COLLEGE PARK, Md.–Federal Communications Commissioner Brendan Carr discussed the role of workforce development in supporting 5G roll-outs and making federal regulations “5G-ready” to encourage private sector investments in the next generation of wireless technology.
Carr’s remarks came during a discussion with Jonathan Adelstein, president and CEO of the Wireless Infrastructure Association, at the Wireless Connect event at the University of Maryland. Carr said that while the industry is moving in the right direction in establishing more apprenticeships, small and medium companies in the space still struggle with getting qualified employees. While Carr has said that there’s no formal role for the FCC in this area, he has taken it on as an one in which he lends his presence and support to industry’s efforts.
“There are a lot of challenges with getting more broadband in more areas,” Carr said, making note of spectrum availability and easing network deployment regulations, both of which have been areas of focus or recent actions by the FCC. “At the end of the day … we right now don’t have the workforce in place that can fully deploy these networks.”
In previous remarks at a U.S Department of Labor workshop on apprenticeships and workforce development in the wireless industry, Carr said that as the FCC seeks to adopt policies that will boost private sector investment in 5G, the question arises of whether a skilled workforce exists to actually deploy advanced networks.

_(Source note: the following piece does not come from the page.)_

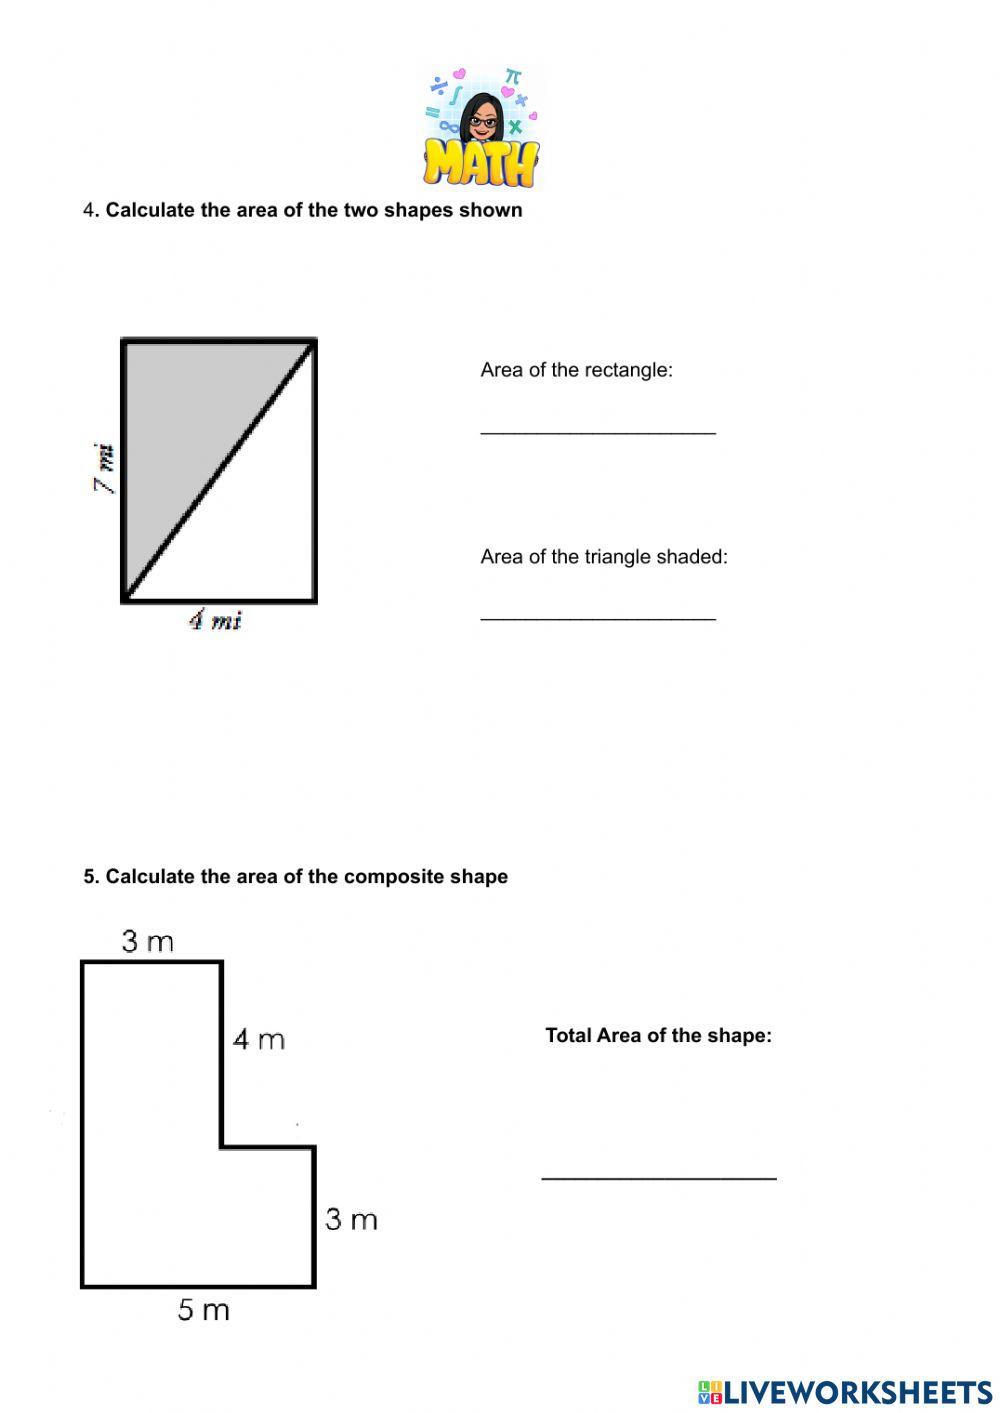 Area of rectangles and triangles

“We need to make sure that industry has access to the skilled workforce needed to get this transition to next-generation networks across the finish line,” Carr said at that event last November, which highlighted approximately 1,500 registered apprenticeships that have been created with the wireless industry. He added, “while there is no direct regulatory role for the FCC to play here, I think we need to focus more
attention on this issue and potential solutions, including the role of apprenticeship programs.”

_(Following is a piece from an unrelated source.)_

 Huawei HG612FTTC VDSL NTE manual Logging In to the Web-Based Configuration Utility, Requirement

In terms of the regulatory environment for network infrastructure, Carr spoke of needing regulatory environments that are “5G ready” and said that recent FCC changes to infrastructure regulations are in line with that goal.
“There is a global race that’s underway right now to lead the world in 5G.. The US — there is no doubt in my mind — led the world in the deployment of 4G,” Carr said. “5G … is the technology that’s finally going to take these things that seem to be future and cutting edge … and it’s going to make those things reality.”
Other countries around the world are “attempting to leapfrog us and take the lead in 5G,” Carr added, going on to say that billions of dollars in 5G investment “is going to flow to countries that get their regulatory structures 5G-ready.
“The country that gets their regulatory structures ready, that commits to win this race to 5G, is going to see the private sector capital flow to it first, that’s going to be necessary to deploy these networks,” Carr said.
“I think the biggest hurdle to getting there, to making sure we win this race to 5G, is updating our regulatory structures,” Carr said. “Right now our regulatory approach at the federal level in particular — and the state level as well — has assumed that every single antenna site, essentially, that’s being deployed, is a new 200-foot tower.”
He said that the FCC’s recent decision to exclude small cells from federal historic and environmental review as well as streamlining macro tower site deployments will be seen as “key moment in this race to 5G where this is going to be a big boost to getting us in the lead.”